Zuerst möchte gleich vorweg bemerken, dass ich kein Corona-Leugner bin, keiner politischen Partei oder Gruppierung angehöre, kein sogenannter Querdenker bin, sondern ein Bürger dieses Landes, das Herr Söder und seine Politikerkollegen mit ihrer Politik bewusst und vorsätzlich zugrunde richten. Es reicht, was die Politiker der Bevölkerung antun und zumuten. An ihren Händen klebt Blut von den Menschen, die durch ihre „Maßnahmen“ ihren Lebensmut und als Folge auch ihr Leben verloren haben.

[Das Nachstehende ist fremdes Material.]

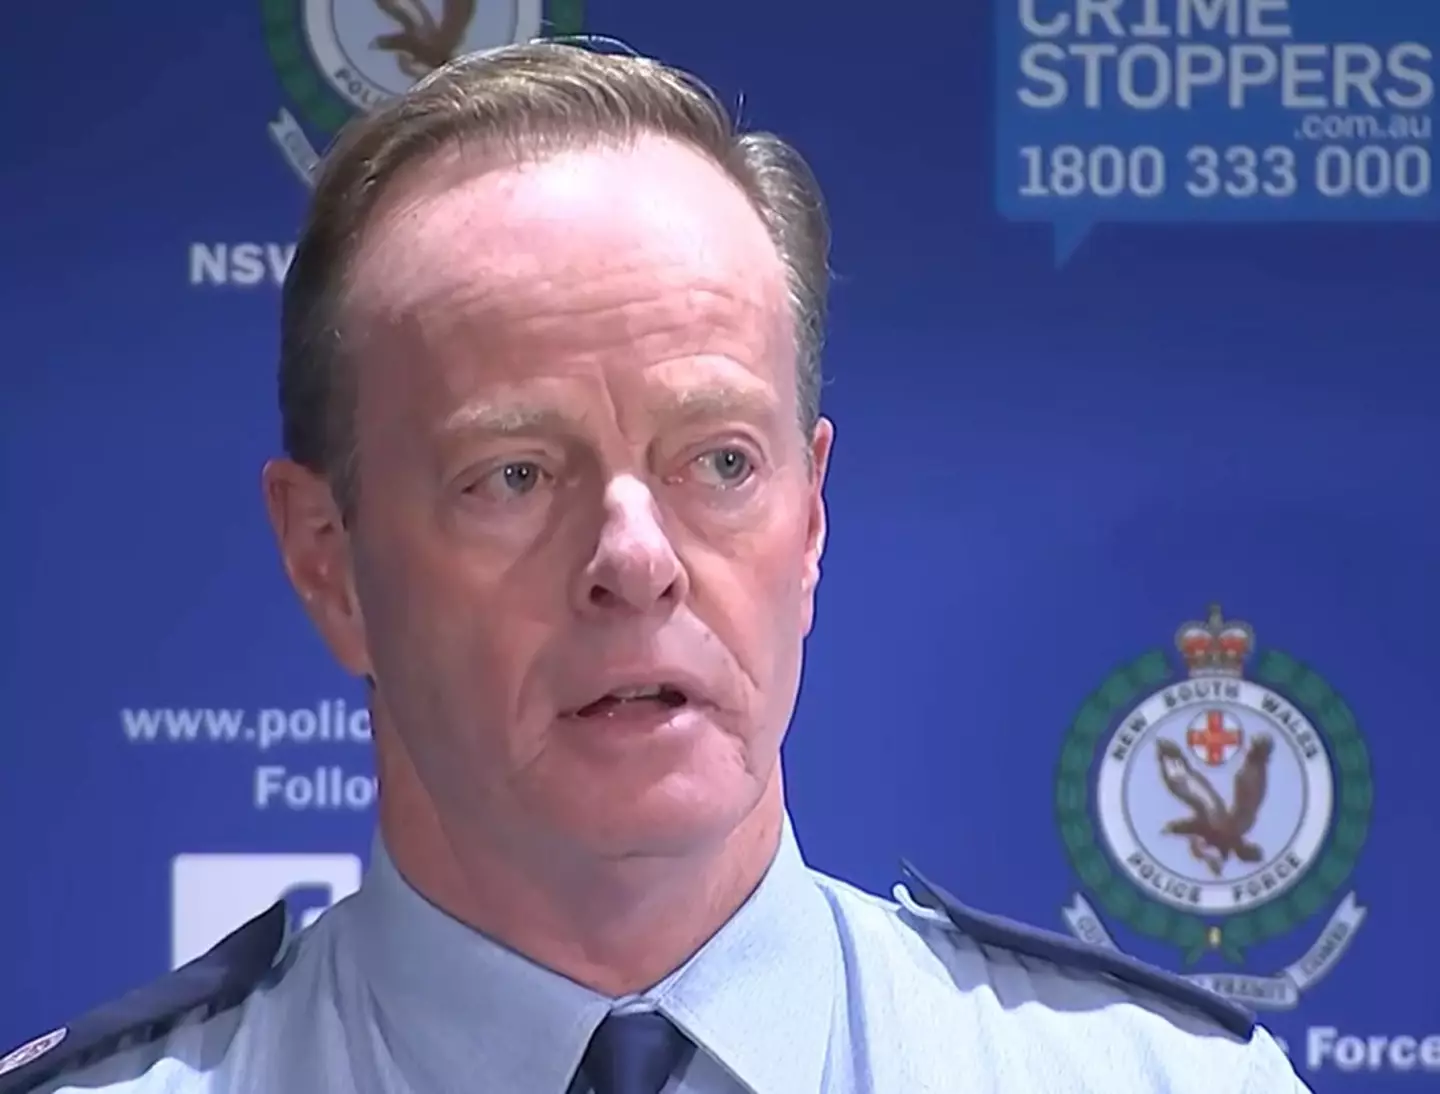 Peter Cotter of the New South Wales Police provided information on the tasering of Clare Nowland.
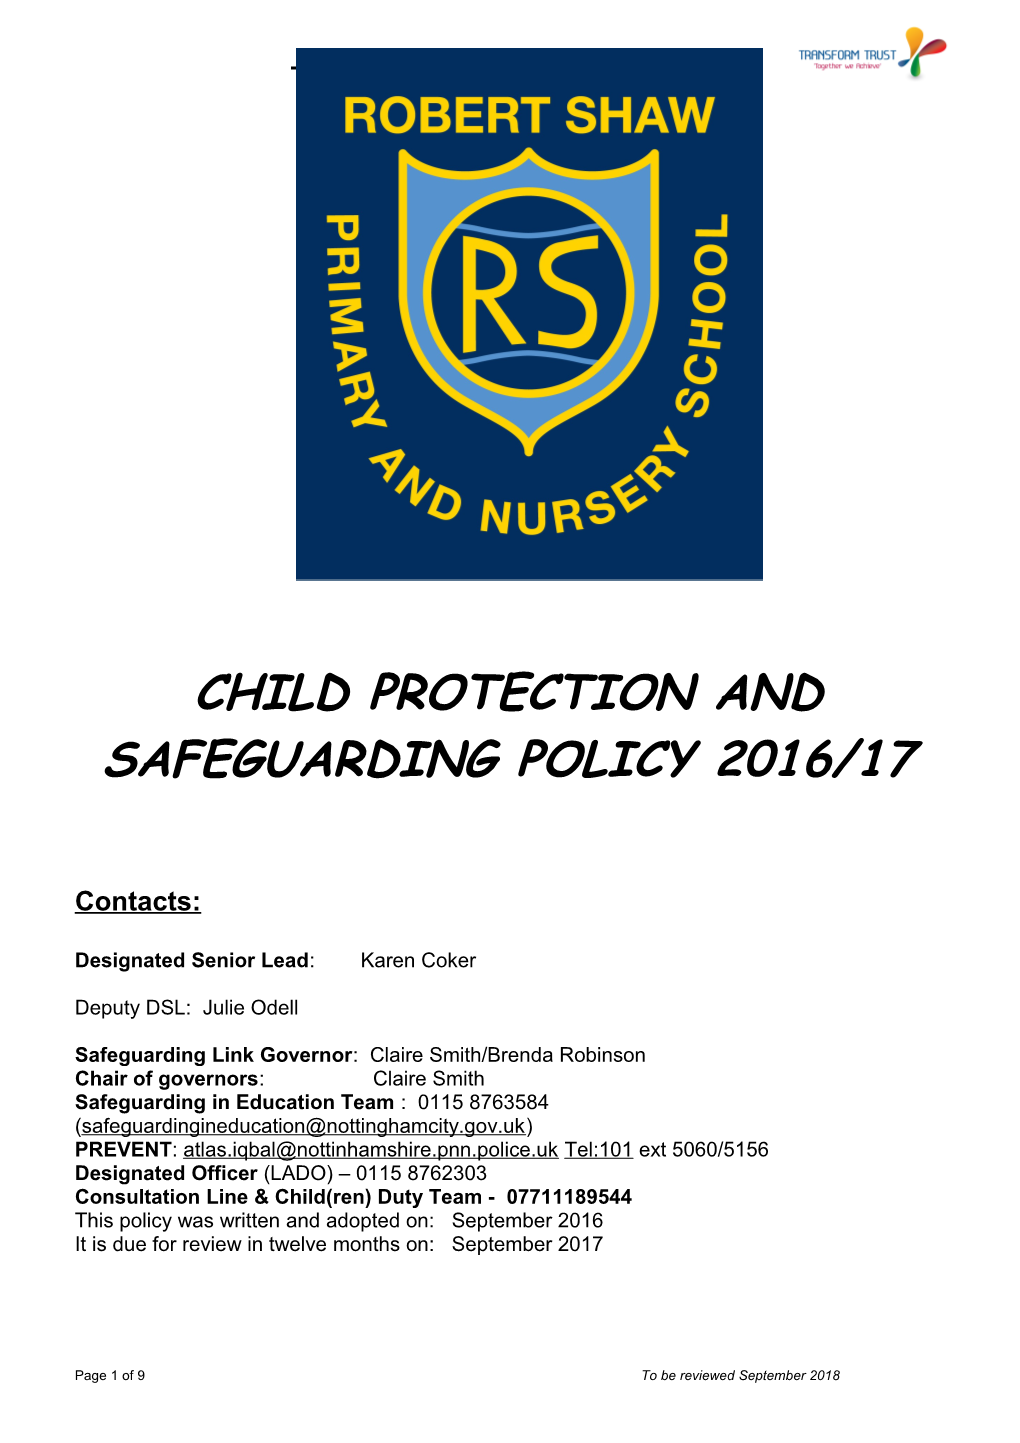 Child Protection Policy Framework for Nottingham Schools

Kein einziger Politiker hat ein schlüssiges Konzept, um Corona zu besiegen, auch die so viel gelobten Virologen nicht. Das Einzige, was ihnen dazu einfällt, ist den Menschen all ihre gesetzlich zustehenden Rechte zu nehmen. Aber ja, es muss so sein, damit die Pharmakonzerne und diejenigen, die Schutzkleidung und Desinfektionsmittel herstellen, viel Geld scheffeln können. Die Zeche zahlt der Bürger, wer denn sonst.

Und jetzt befehlen Söder und Kolllegen wieder einen harten Lockdown. Weil es ja noch nicht genug ist, obwohl längst bekannt sein müsste, dass dies nichts bringt. Es verschlimmert die Sache nur.

Haben die Verantwortlichen die Rufe der Demonstranten von Leipzig vor der Wende schon vergessen? „Wir sind das Volk.“ Sie sollten bedenken, dass die Bürger des Landes vielleicht auch mal die Geduld verlieren könnten und immer wieder auf die Straße gehen. Es gibt ja nichts mehr zu verlieren. Und ich sage: Davor habe ich Angst.

Zu den immer wieder betrauerten Todesfällen sei bemerkt, dass in der BRD rund 82 Millionen Menschen leben, die eine durchschnittliche Lebenserwartung von 80 Jahren haben. Daraus ergibt sich, dass in jedem Jahr rund eine Million Menschen sterben. Das sind täglich knapp 3000 Menschen.